Changé quelques jours plus tôt, le programme met côte à côte des œuvres très dissemblables. Ce qui aurait dû être un programme Ravel, se transforme en programme Beethoven – Ravel.
Maria João Pires
, pianiste portugaise que l’on ne présente plus, vient régulièrement jouer à Paris où le public l’accueille toujours chaleureusement. La salle est d’ailleurs pleine. Premier concerto réel de Beethoven dont certains mouvements furent esquissés avant l’âge de vingt ans, il est écrit pour un orchestre réduit, sans timbales. On se demande alors pourquoi proposer un orchestre de trente-huit cordes (vingt violons et quatre contrebasses) lorsqu’à peine plus de la moitié aurait été suffisante. Du parterre, la sonorité semble noyée dans cette épaisseur.
Riccardo Chailly prend un tempo peu enlevé et la soliste, à son entrée, semble vouloir accélérer. N’est-elle pas vraiment à l’aise ? Les traits et trilles sont précipités, et son jeu, notamment de pédales, est nerveux.
La belle cadence d’une écriture fortement contrastée que Beethoven compose quelques années plus tard lui permet de mieux libérer une expression pénétrante jusqu’alors contenue.
Le deuxième mouvement nous donne la possibilité de mieux apprécier les qualités de toucher qui ont fait la réputation de Maria João Pires dans le répertoire mozartien. Si la ligne orchestrale est toujours peu définie, le magnifique phrasé pianissimo de la pianiste est magnifique. La fameuse coda notée con gran espressione dans un silence presque religieux est admirable.
Le troisième mouvement est heureusement enchaîné par la pianiste. C’est un Rondo plus relevé mais toujours sans mordant. Très applaudi, l’ensemble des musiciens donne en bis l’Adagio du Concerto en Fa mineur de Bach.

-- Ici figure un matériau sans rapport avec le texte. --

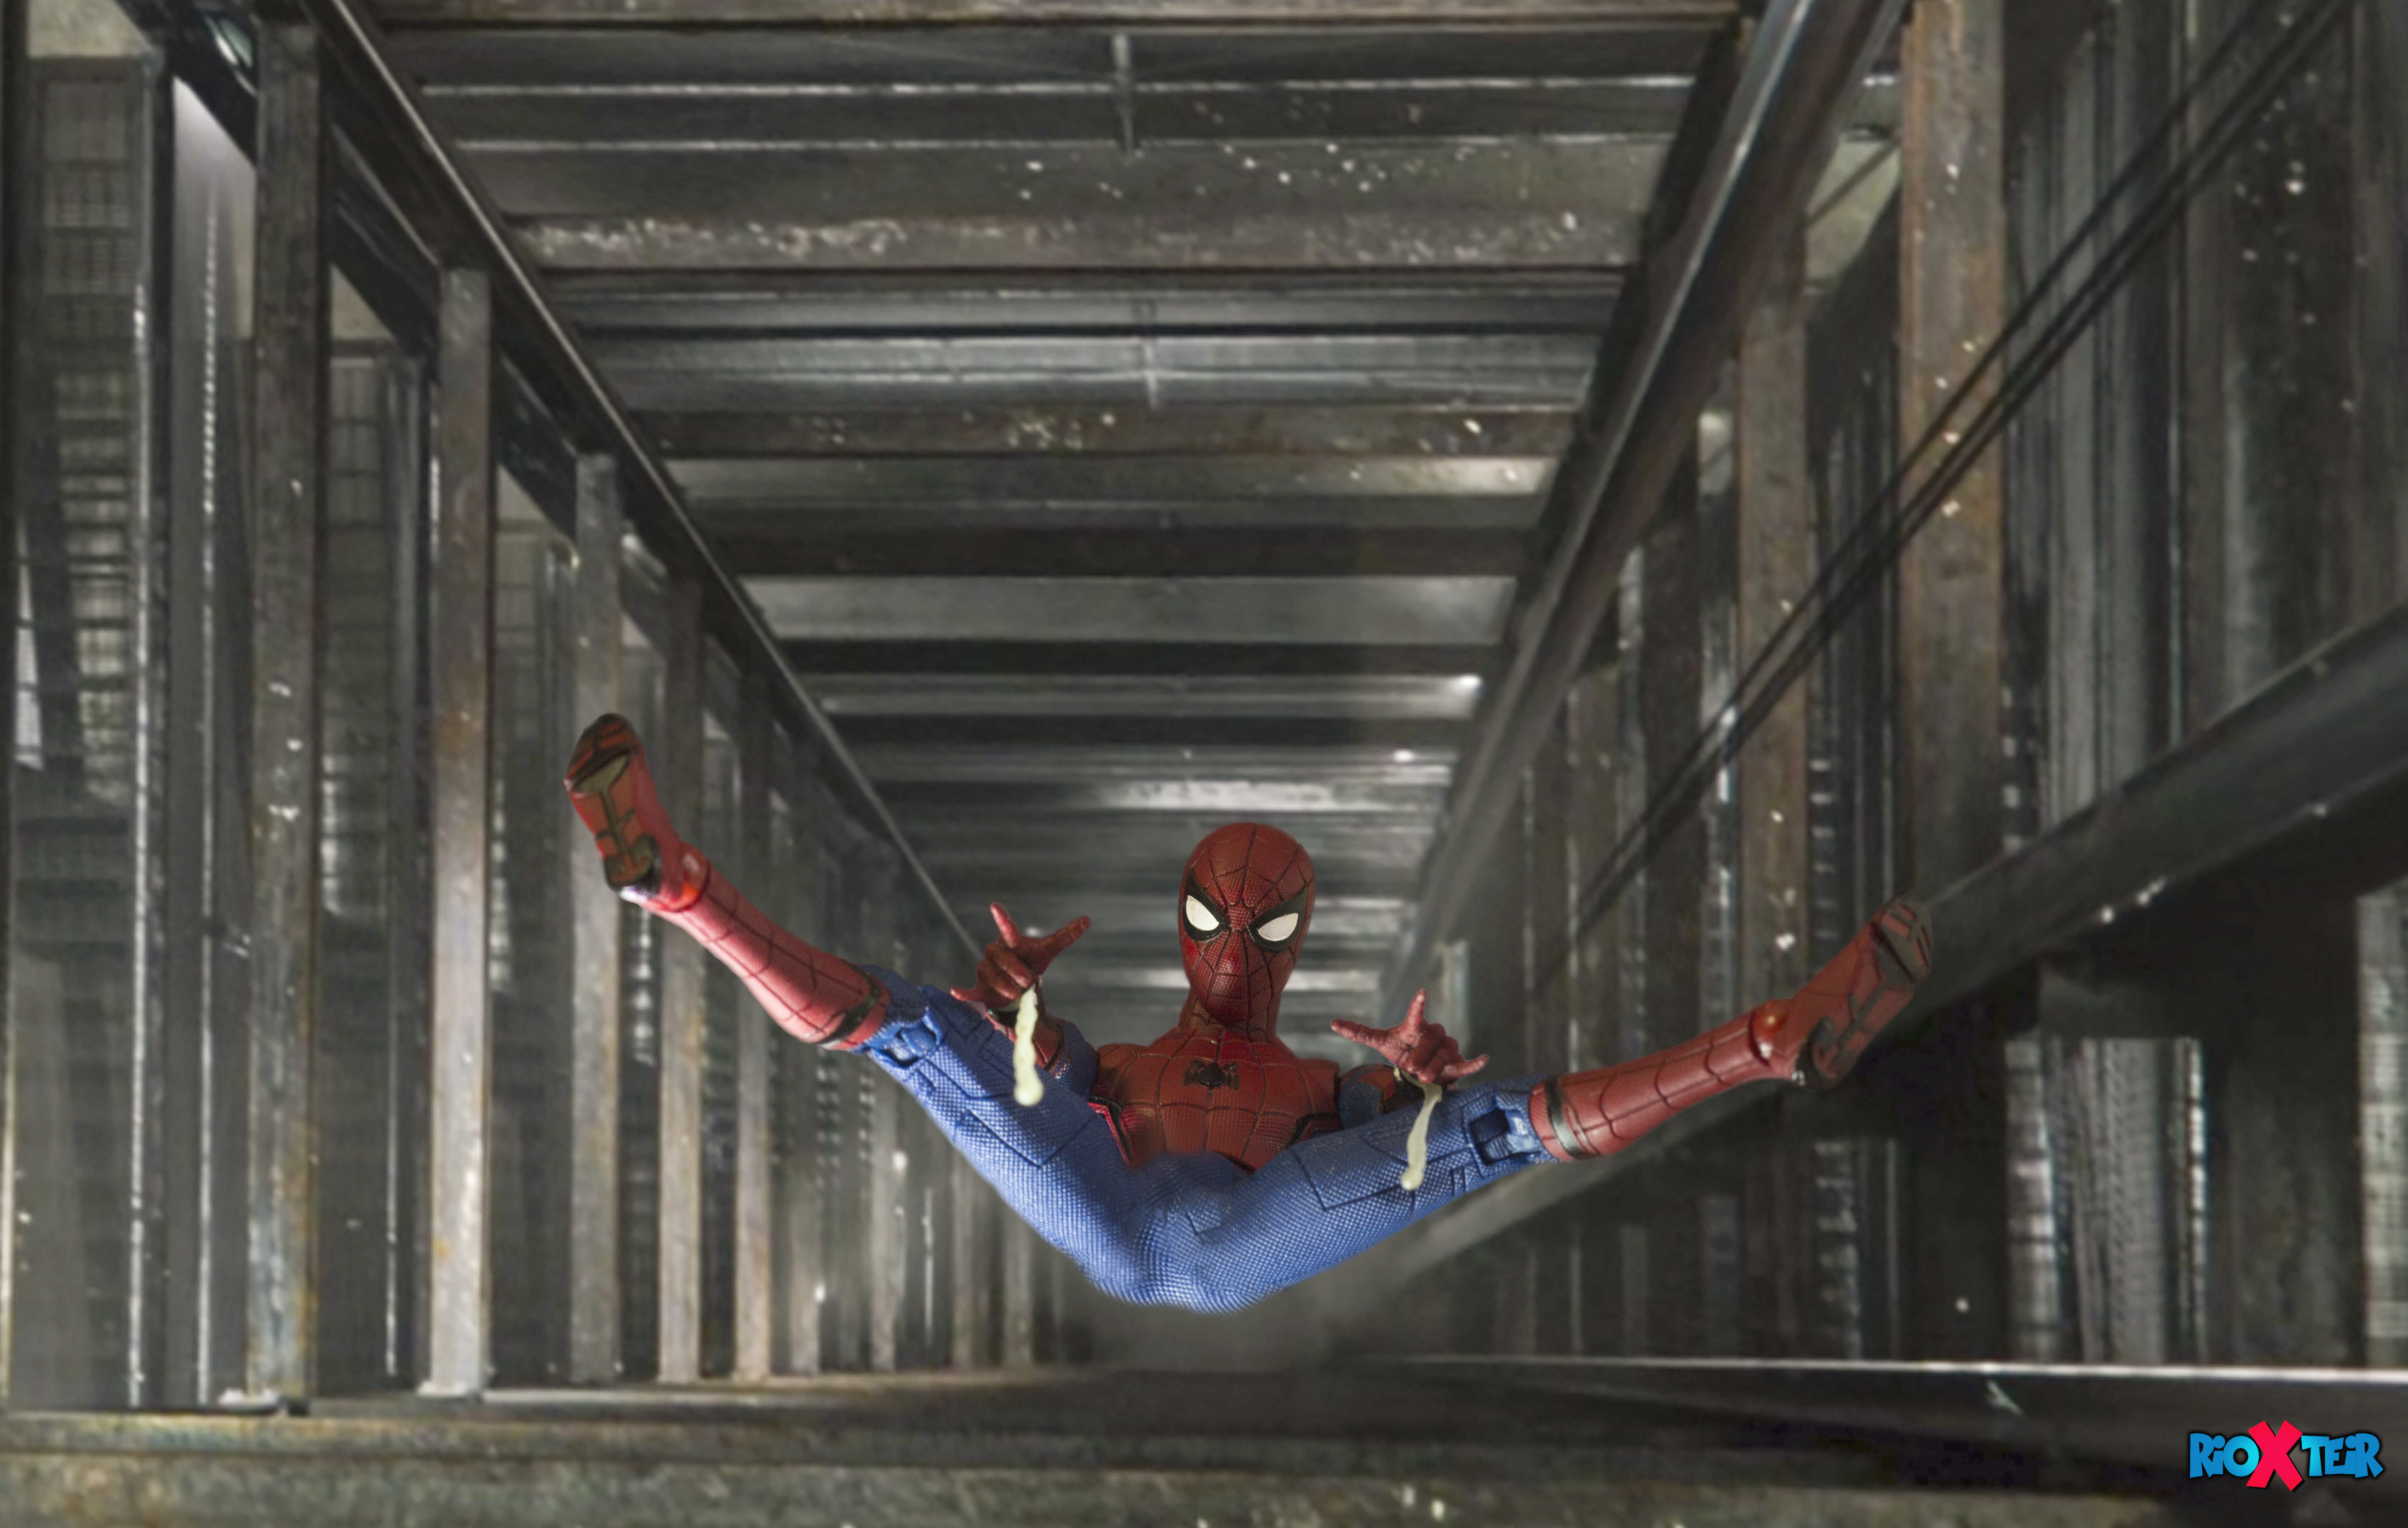 Spider-Man Fell Down
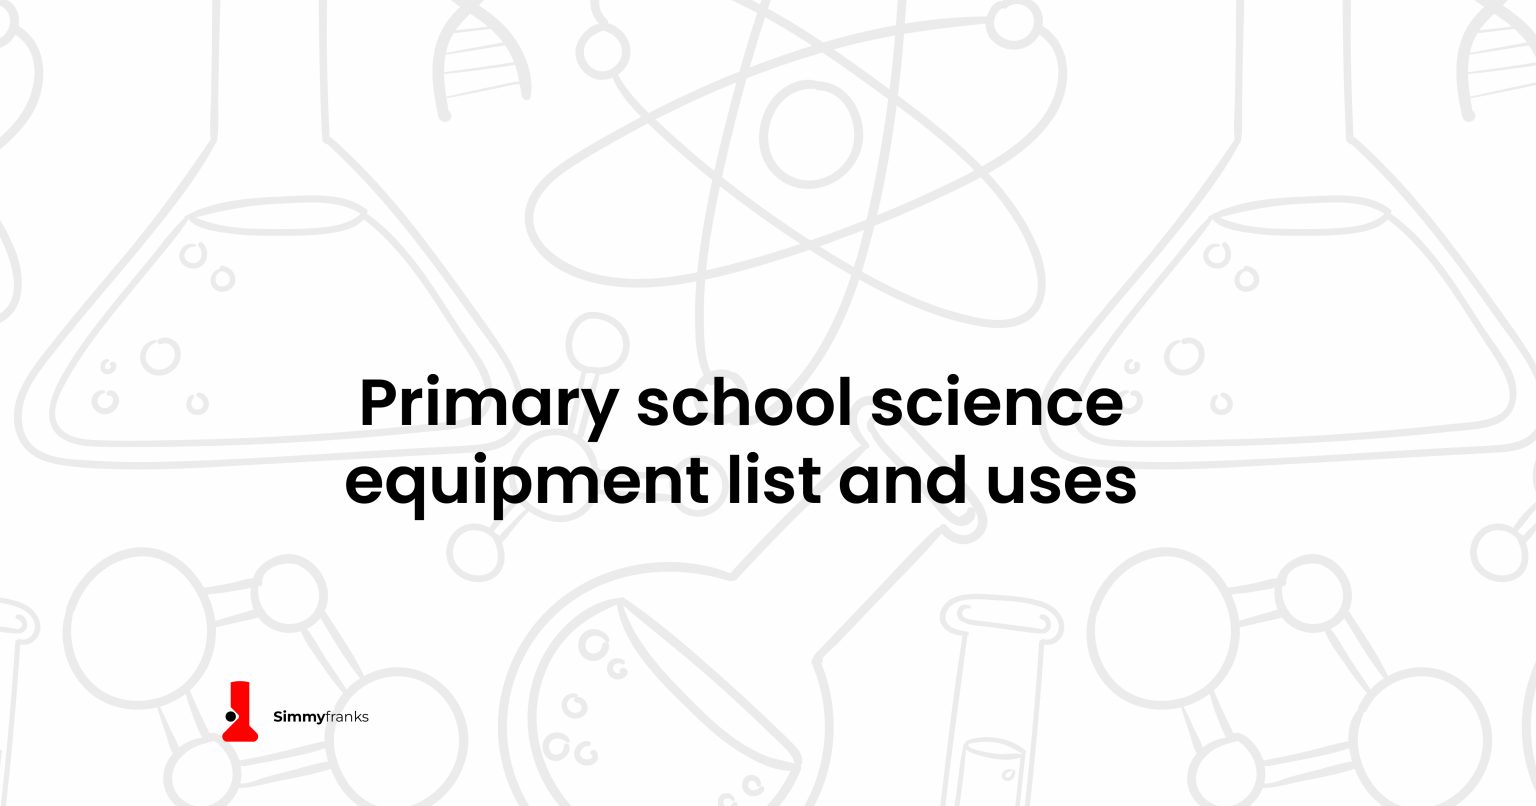 Primary school science equipment

Les Créatures de Prométhée ont préalablement ouvert le concert. Nous remarquons la présence de dix cordes supplémentaires. Démarrées d’un énergique coup de talon du chef, la sonorité est également un peu perdue.
Daphnis et Chloé est donné en version intégrale, ce qui se fait aujourd’hui de moins en mois rarement, les deux suites étant par ailleurs toujours habituellement jouées. Composé de trois Tableaux, le premier, le plus long, a un caractère fortement morcelé. À l’exception de son Nocturne final, aucune de ses danses n’est reprise dans une des deux Suites. L’orchestre est gigantesque : soixante-dix cordes, bois et cuivres par quatre, huit percussionnistes, plus d’une centaine de choristes. Bien que le chef soit très mobile sur son estrade, on note le peu d’amplitude de l’Introduction et le tempo trop lent de la Danse générale et de la Danse grotesque de Dorcon. La Danse légère et gracieuse de Daphnis ne s’envole pas.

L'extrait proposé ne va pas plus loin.